Mecca menelan ludah. Belum juga ia menyelesaikan kalimatnya, laki – laki ini sudah bilang maaf. Apa jangan – jangan ia punya indera ke enam?

“kamu terlalu menikmati pesonaku sih, makanya sampai lupa bilang mau minum yang dingin. Ya kan?” Rendra menyikut lengan Mecca sambil tertawa.

Mecca membulatkan matanya diikuit dengan ekspresi oh my God-nya.

“GR banget sih?” Mecca memonyongkan bibirnya.

“tidak ada larangan untuk GR bagi orang yang merasa dirinya memang keren” kata Rendra diikuti dengan satu kedipan jahil dari matanya kemudian menaik – naikkan kedua alisnya.

Mecca menarik kepalanya, kemudian mengedip – ngedipkan matanya dan disusul dengan ekspresi oh my God-nya. Ia tidak habis pikir kalau ternyata tidak semua orang keren itu menyenangkan dan benar – benar keren perilakunya.
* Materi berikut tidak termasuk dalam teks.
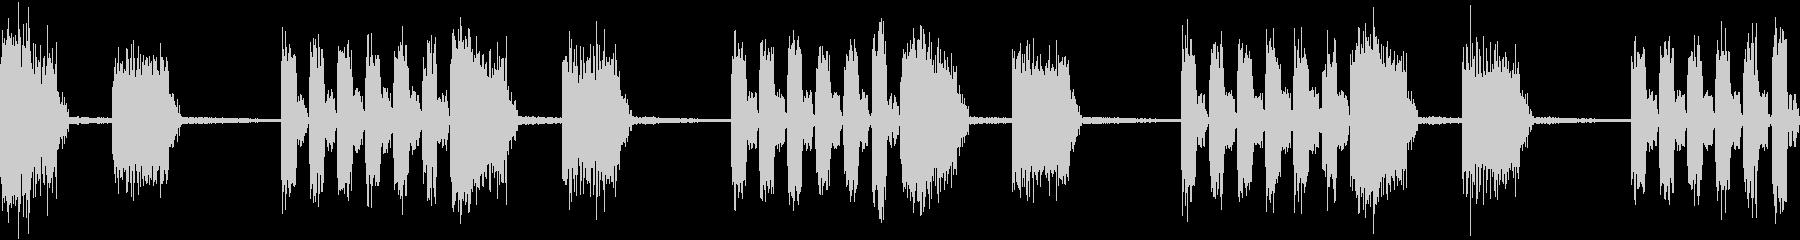 SFX デジタルボイスの不気味なループ+の未再生の波形

Ada juga yang ternyata sadar dengan kekerenannya dan besar kepala seperti laki – laki di sampingnya ini.

“oke oke, sudah. Lupakan saja cappuccino panas atau dingin itu. ngomong – ngomong kamu umur berapa sih?” kata Rendra sambil mengeluarkan beberapa potong kertas -yang sepertinya brosur- ke atas meja. Mecca sempat melihat tulisan di kertas – kertas itu ketika Rendra meletakkannya tidak jauh dari jangkauan matanya meskipun dengan font tulisan ukuran 12 sekalipun.
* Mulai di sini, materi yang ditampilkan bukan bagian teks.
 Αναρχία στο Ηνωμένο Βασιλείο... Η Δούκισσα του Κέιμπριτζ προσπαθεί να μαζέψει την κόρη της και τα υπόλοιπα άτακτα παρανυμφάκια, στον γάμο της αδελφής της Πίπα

“kamu…….????” Mecca menunjuk hidung Rendra.

yes……” jawab Rendra asal – asalan.

“kok udah bilang yes? Emang kamu tahu aku mau ngomong apa?” Tanya Mecca heran.

“nggak tau sih, asal jawab aja. Kan “yes” berarti positif. Kalau “no” kan negatif. Nah, mending berpikir yang positif kan daripada negatif. Hehehe. Siapa tau kamu menawariku untuk jadi pacar kamu??” jawab Rendra cengengesan.

Mecca menepuk dahinya lagi. Laki – laki kemarin itu cueknya kelewatan, dan laki – laki ini bicaranya kelewatan.

“Ya Tuhan…. Mama?!!!!?” Mecca berteriak sambil meremas kepalanya.

“sudah sudah…. Mecca yang cantik… berikan kesempatan untuk bang Rendra ngomong ya….” Rendra mengulas senyum mautya. Dan demi Tuhan, Mecca tidak bisa berbohong bahwa senyum laki – laki itu memang begitu menawan. Namun, apa yang ia tulis kontan membuat kepala Mecca nyaris pecah.

Mecca melorotkan duduknya setelah sebelumnya menghela napas yang sangat berat dan menepuk dahinya. Sesaat kemudian HP Mecca berbunyi. Dari Mama,

Ca, laki – laki yang mau Mama kenalkan ke kamu nggak jadi dateng. Dia ada acara di luar kota.
Sepertinya Mecca mau pingsan setelah membaca sms dari Mamanya.

“oya, kamu sudah ikut asuransi belum?” Tanya Rendra santai. Tapi pertanyaan itu membuat Mecca menepuk keras – keras dahinya.